In honor of reaching for independence, back in 2007 during the Fourth of July holiday, I wrote a story called Do Not Enter.

Writing this story motivated me to write more stories about people who have a dream and are struggling and risking to realize them.  What all the characters have in common is their interest, for different reasons, in patronizing Miya LeBleu’s Blue Bike Shop in a town called Nowhere. Eventually I combined these short stories into a book called Build A Blue Bike. It was picked up by New York literary agent, Susan Schulman, but was never published.

This story, Do Not Enter, was also the inspiration for my design of The ETA logo.

As we celebrate this fourth of July, I hope you will be willing to open doors you never imaged you would. And I hope that by doing so your dreams will begin to come true. To risk is to creatively find a way to reach for greater freedom and independence!

Do Not Enter

Originally posted by Lisa Canning in The Blue Bike Shop Stories on July 5th, 2007 |

Do Not Enter cautions the sign on the red door.

John stood there looking at it wondering what to do. The guy at the bike bar told him that the first red door was the fastest way out of The Blue Bike Shop but surely he must have been mistaken, thought John.  And yet, all down the hallway John saw nothing BUT red doors with the same white sign, with the same Do Not Enter boldly lettered red on each.

What a strange place thought John.  Nothin’ but blue bikes and red doors.

The Blue Bike Shop was a brand new shop in downtown Nowhere. It was filled with blue bikes in every configuration imaginable: trikes, unicycles, bicycles built-for-two, mountain bikes, racing bikes and blue peddlers for the leisurely traveler.

The Blue Bike Shop had quickly become a hot spot in Nowhere.
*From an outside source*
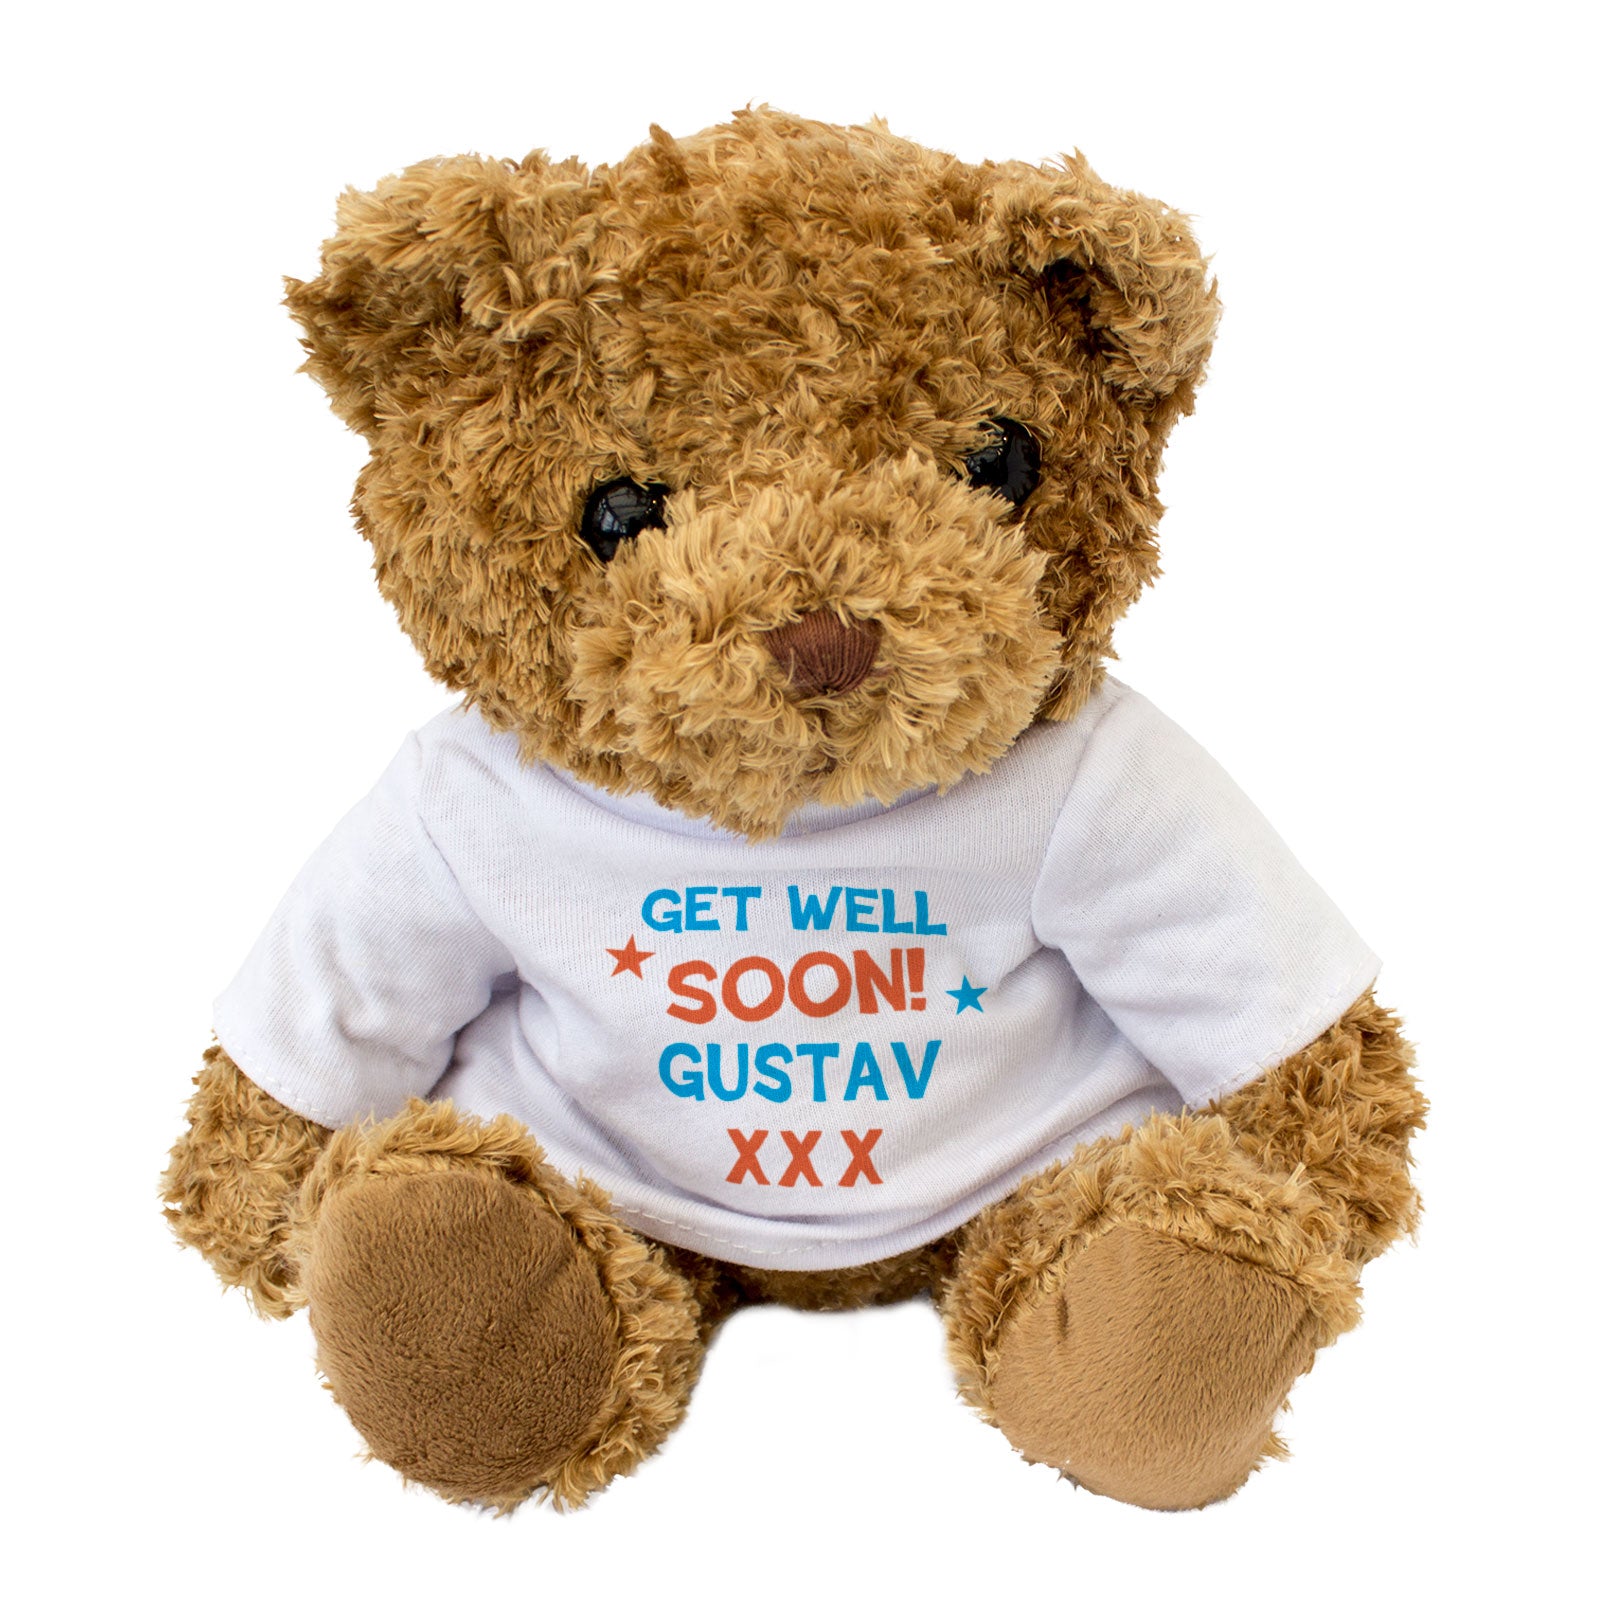 Get Well Soon Gustav - Teddy Bear

After all, The Blue Bike Shop served lunch and drinks at the Bike Bar; what a great excuse for John to check out all the blue bikes and dream.

John had grown up in Nowhere and had never been outside its city limits. John lived down Rural Route 7, a long dirt road, which eventually, if you stayed on it long enough would take you out of town.

And today was the day John was going to begin that ride.

Impulsively, after lunch at the Bike Bar, John decided that he was ready. With every dollar he had saved in his pocket, from his job at Solo Staffing Services, he was going to buy that blue Schwinn he had his eye on.

The cash in John’s hand quickly became the bike in his dream. As a celebratory gesture the sales clerk stepped behind the bar and handed him a shot of Don Julio. With John’s throat on fire and his heart pounding with excitement, he asked ”What’s the fastest way out of Nowhere?”

The clerk smiled and said, “Go down the hall and take the first red door you see. It’s the fastest way.”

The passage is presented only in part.